CSc 103 Programming Project
Famous Names
The goal of this project is to write a Java implementation of a
generic Binary Search Tree and write a client application that uses it.
Overview - Frequency Analysis of Famous Names
Using an online database, the instructor has created a file of nearly
34,000 names of famous people. Of course you are probably curious
what the most common first names are.
We want a program that can read a text file of names and analyze it to
determine the
frequency
of occurrence of first names. Assume that there is only one name
per line and that the person's first name starts at the beginning of
the line. Disregard differences between
lower
and upper case letters. Valid names contain only
alphabetic characters and have more than one letter. (Blanks and
punctuation are not considered as
letters). The output report should show the number of times each
name
was found in the text, ordered by frequency, then by upper case name
(alphabetically).
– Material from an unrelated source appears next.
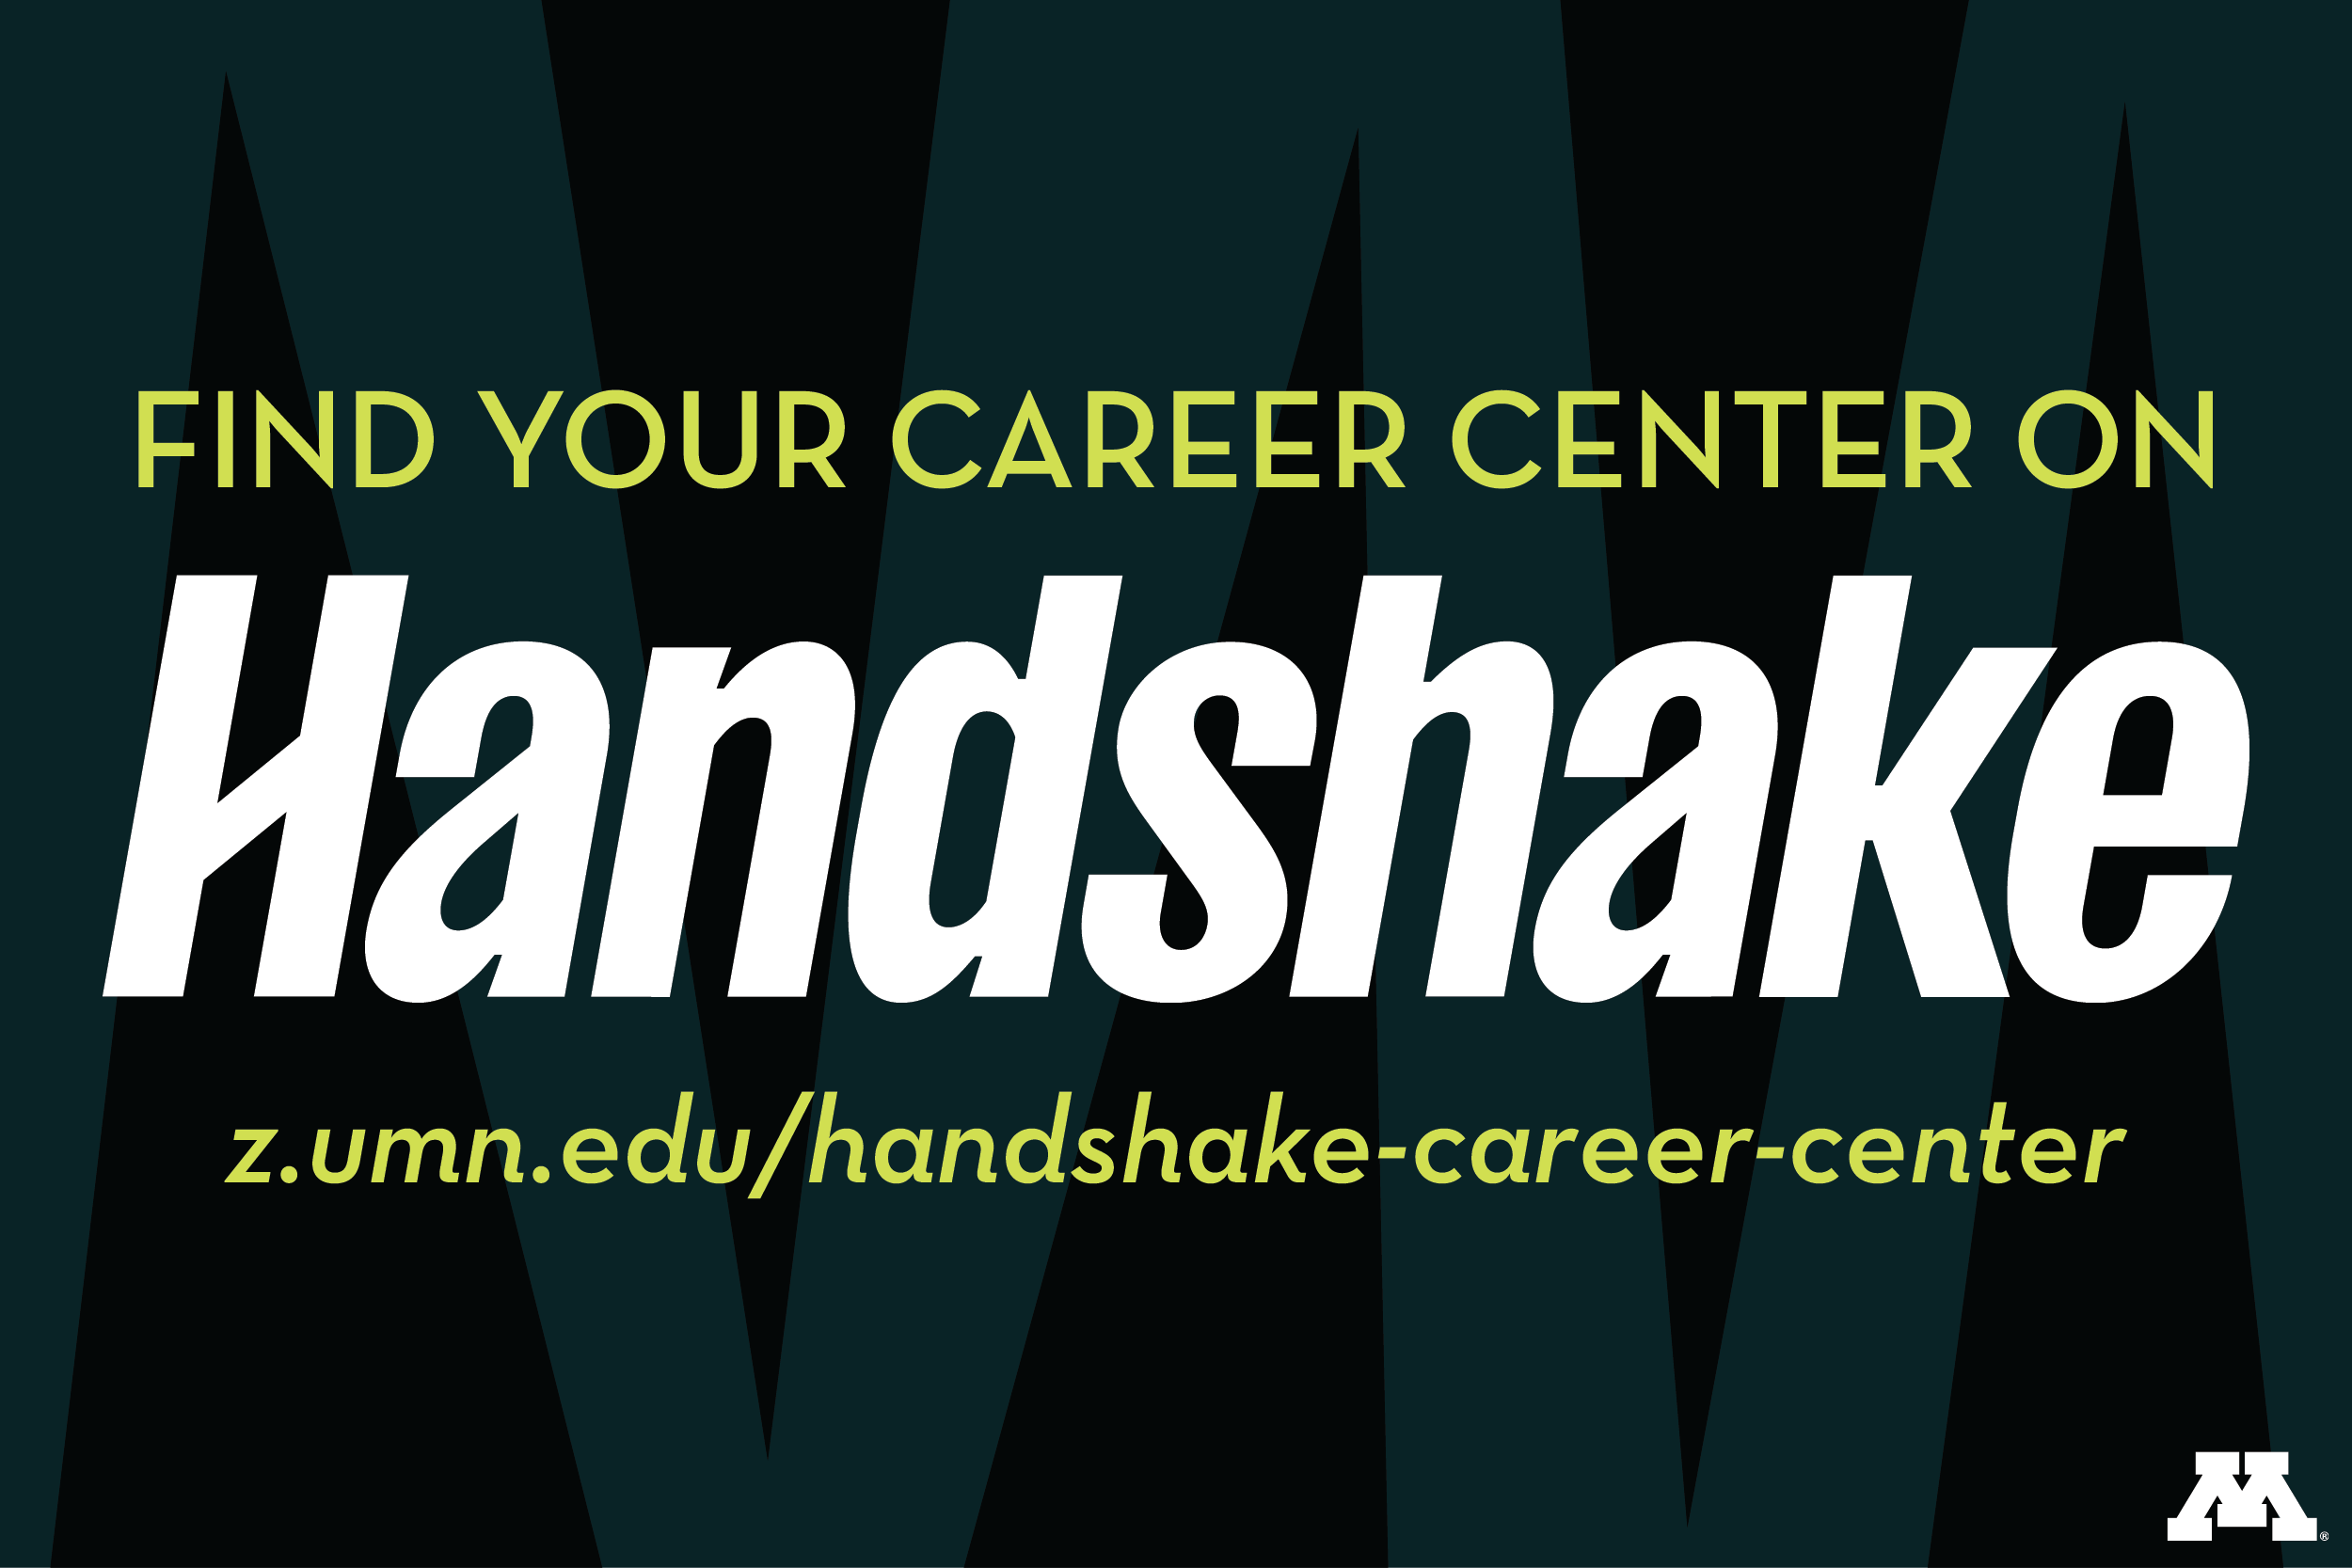 career center on handshake

Each line contains the name, the count, and the
percent of the total number of names (to 2 decimal places).
For example, an analysis of this data file
would yield:
BOB 3 20.00
MARY 3 20.00
TOM 3 20.00
ED 2 13.33
JILL 1 6.67
MARK 1 6.67
PRINCE 1 6.67
REVEREND 1 6.67
Note that even though "REVEREND" is a title, because it appears at the
start of the line we will treat it as a first name.
The application should obtain the input text from standard input.
(Do not print any prompt to the user).
Software Design
Click on a class in the diagram to view the javadocs.

You are to implement all the classes in the above design, except for FamousNameApp,
BinaryNode
and Natural.
BinarySearchTree This is a generic version
of StringSearchTree that we developed in lab.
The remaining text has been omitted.